Toutes ces réactions produisent de l’eau et conduisent à une plus grande densité de réticulation. Durant la seconde phase, une dégradation des ponts méthylènes entre les phénols est généralement rapportée [26][15]. Plusieurs mécanismes ont été proposés. D’une part, une auto-oxydation a été proposée, conduisant à la formation de fonctions intermédiaires de type aldéhydes et acides carboxyliques [15]. L’oxydation des ponts méthylènes conduisant à la formation de structure de type benzophénone a également été proposée [15]. Ces dégradations conduisent à la libération de benzène, phénol, crésol et dérivés, de CO/CO2 et d’eau

[15]. Un autre mécanisme proposé, sur la base d’analyses par RMN de résidus pyrolysés à 450 °C qui ne montre pas la présence de carbonyles, consiste en la simple décomposition thermique des ponts méthylènes en fonction méthyle et phénol ou dérivés libres.

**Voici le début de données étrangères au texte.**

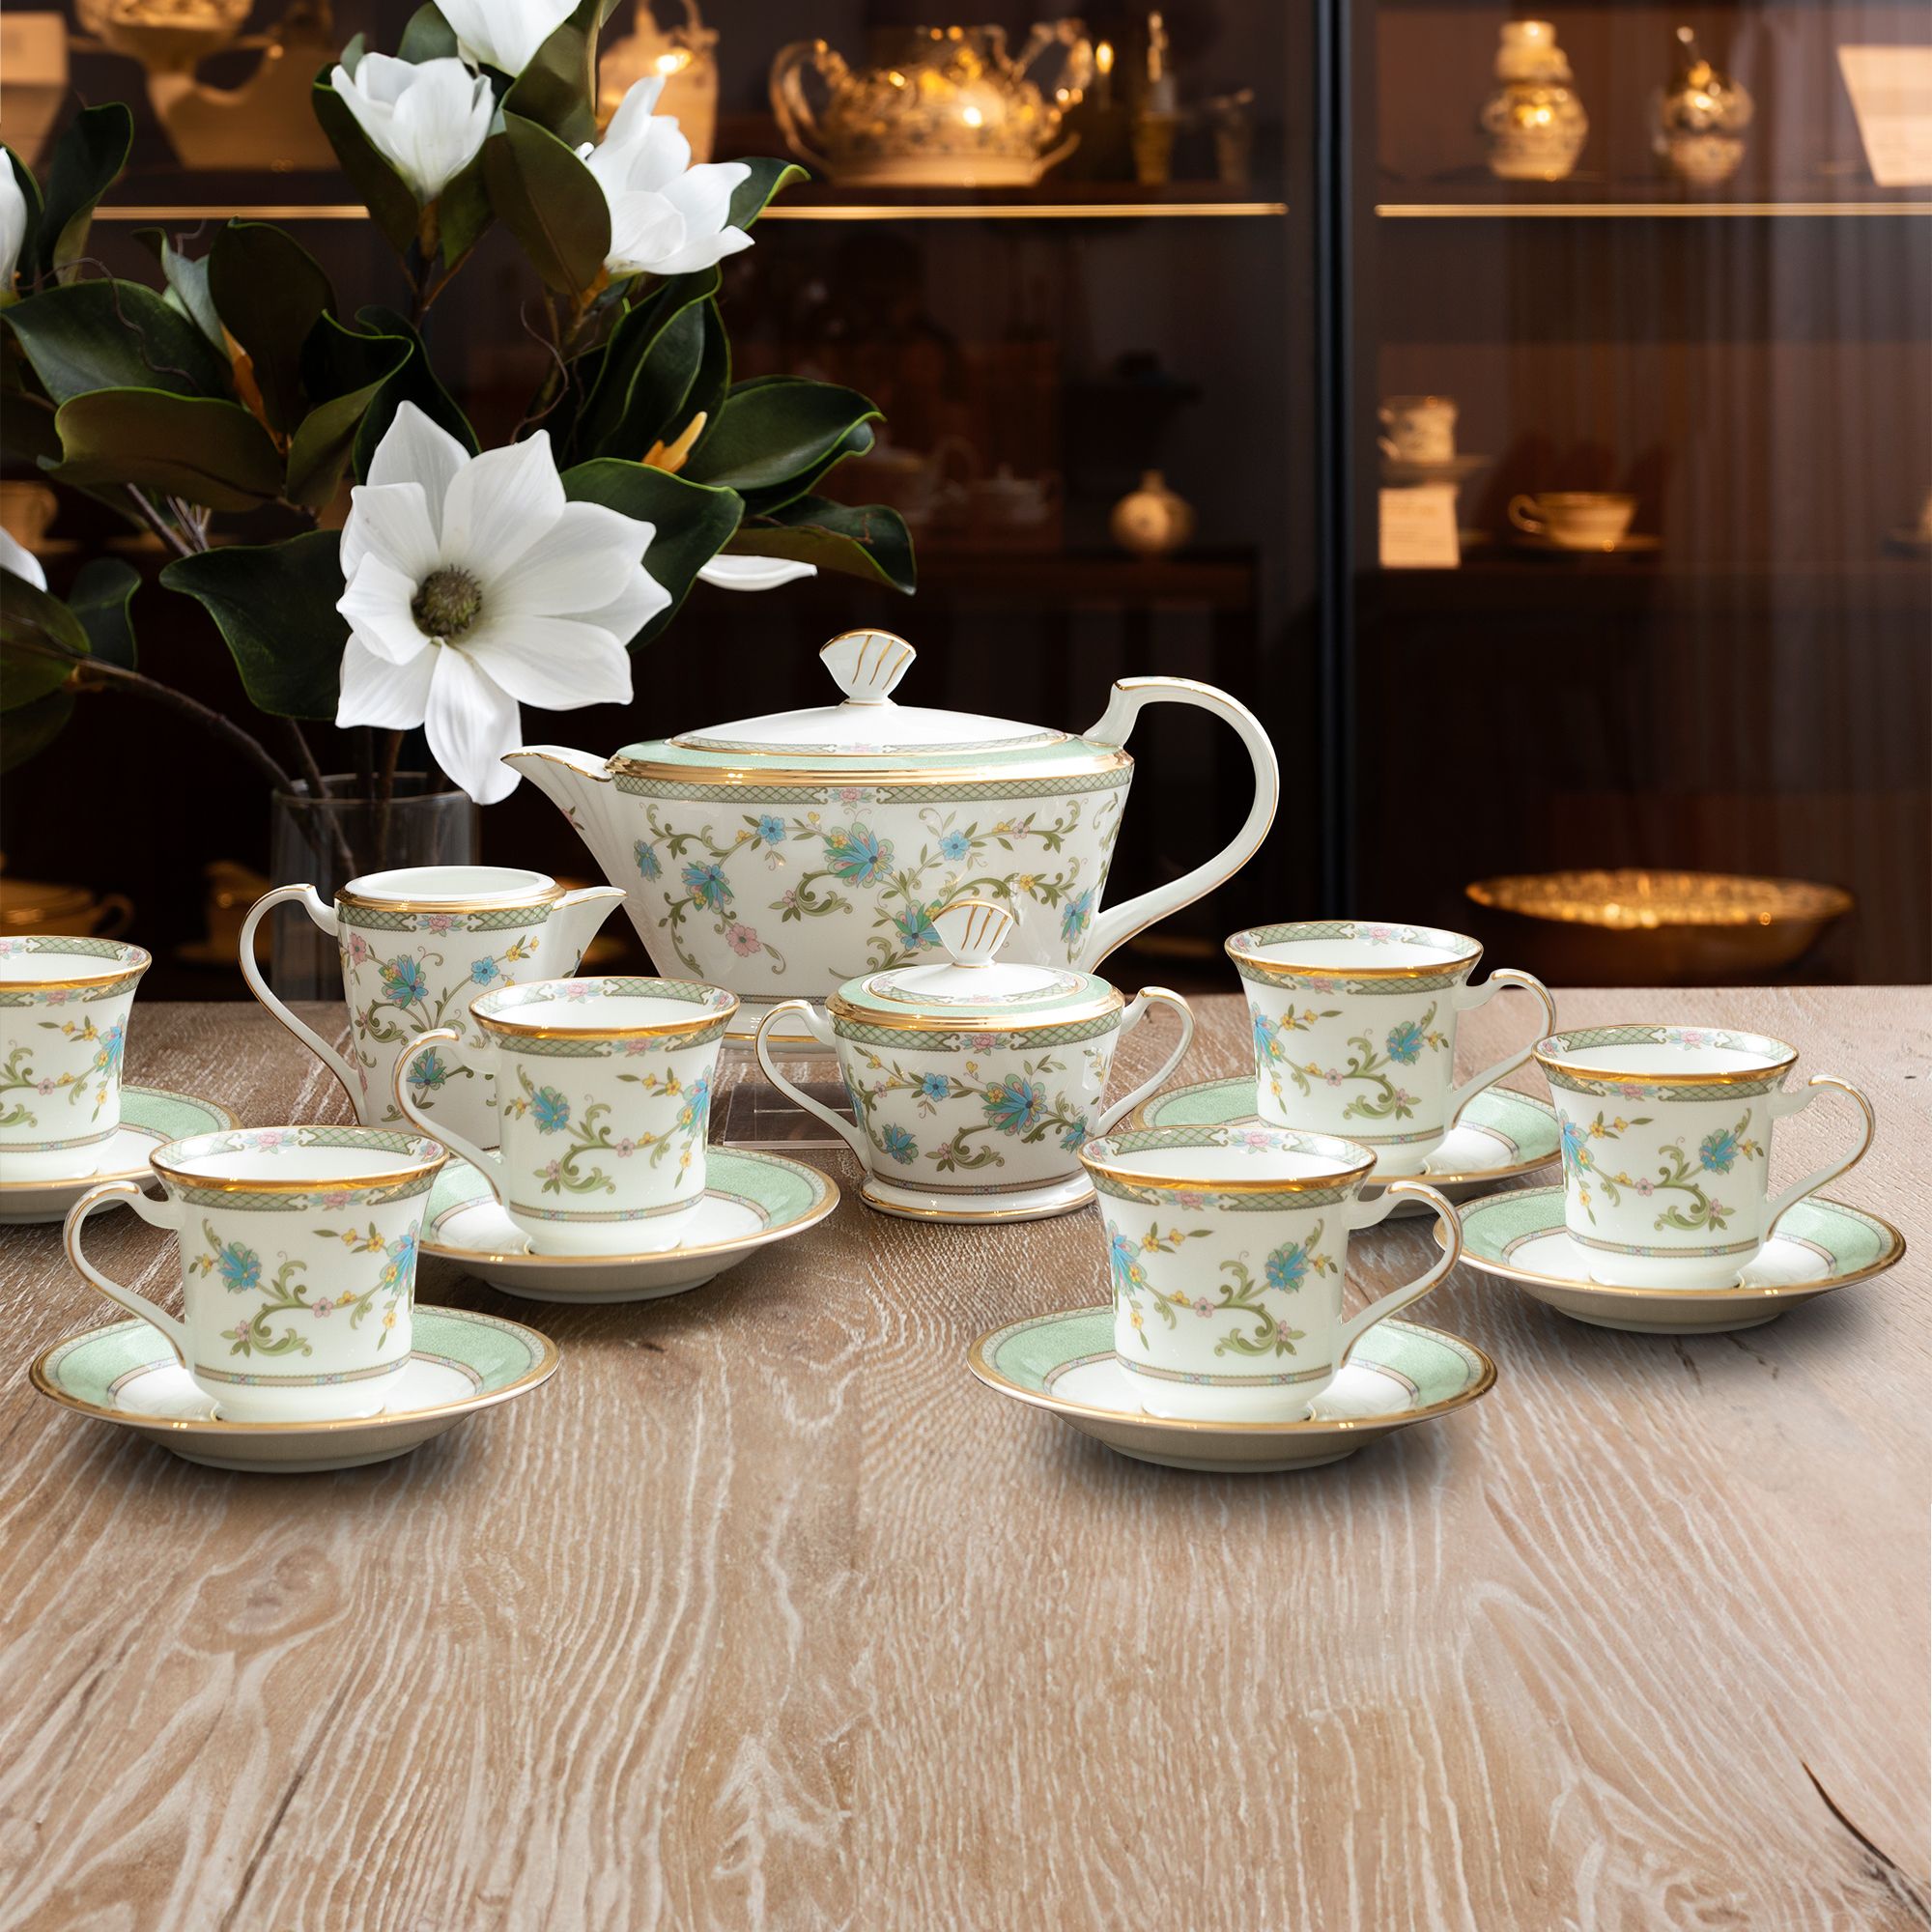  Bộ ấm chén uống trà 15 món sứ xương cao cấp viền vàng | Yoshino 9983J-T017L 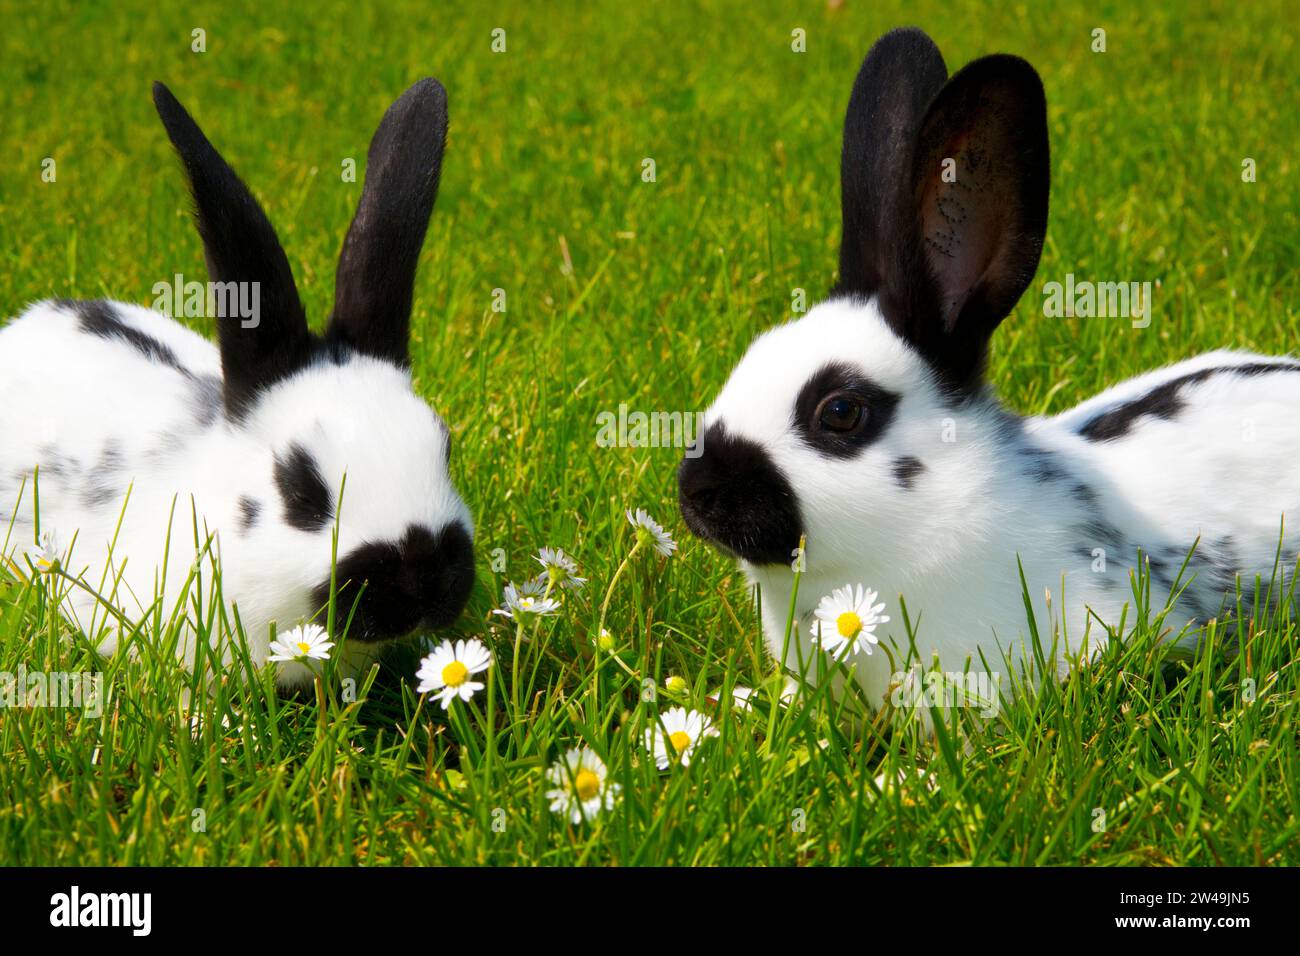 Kaninchen. Englische Schecke. schwarz-weiß. zwei, liegen in einer Blumenwiese, Stock Photo

Dans la dernière phase, au-delà de 500°C, du dioxyde de carbone, du méthane, du benzène, du toluène, du phénol et dérivés sont libérés [10]. Des structures polycycliques apparaissent également [15], résultant de la déshydrations des phénols et de leur condensation. En atmosphère inerte, des taux de résidu solide à 800 °C très important sont observés, allant de 40 % à plus de 70 % [18][14][15][23]. Cela est dû à cette dernière phase où des structures stables en température sont formées.

Plusieurs facteurs influent sur la stabilité thermique des phénoplastes [26][15][14]. La principale cause est liée au taux de réticulation initial. Lors de la première phase, une perte en masse moins importante est observée dans les résines fortement réticulées (Figure 11).

Figure 11 : Perte en masse (gauche) et dérivé de la perte en masse (droite) de résines novolaques durcies avec différents taux de HMTA (NPR-5 : 5% HMTA, NPR-10 : 10% HMTA, NPR-15 : 15% HMTA, NPR-

20 : 20% HMTA) [26]

La quantité de réactifs étant plus faible et la densité de réticulation déjà importante, moins de réactions supplémentaires peuvent avoir lieu. Une plus grande stabilité est également observée dans les phases suivantes pour les résines fortement réticulées. Le taux de résidu solide augmente également avec le degré de réticulation. Ce taux de charbonnement (char) plus important est généralement recherché car il est associé à un meilleur comportement au feu [27]. Il témoigne de la plus faible émission de produits volatils combustibles (benzène, phénol) et de la formation de structure inerte en température pouvant potentiellement protéger le matériau.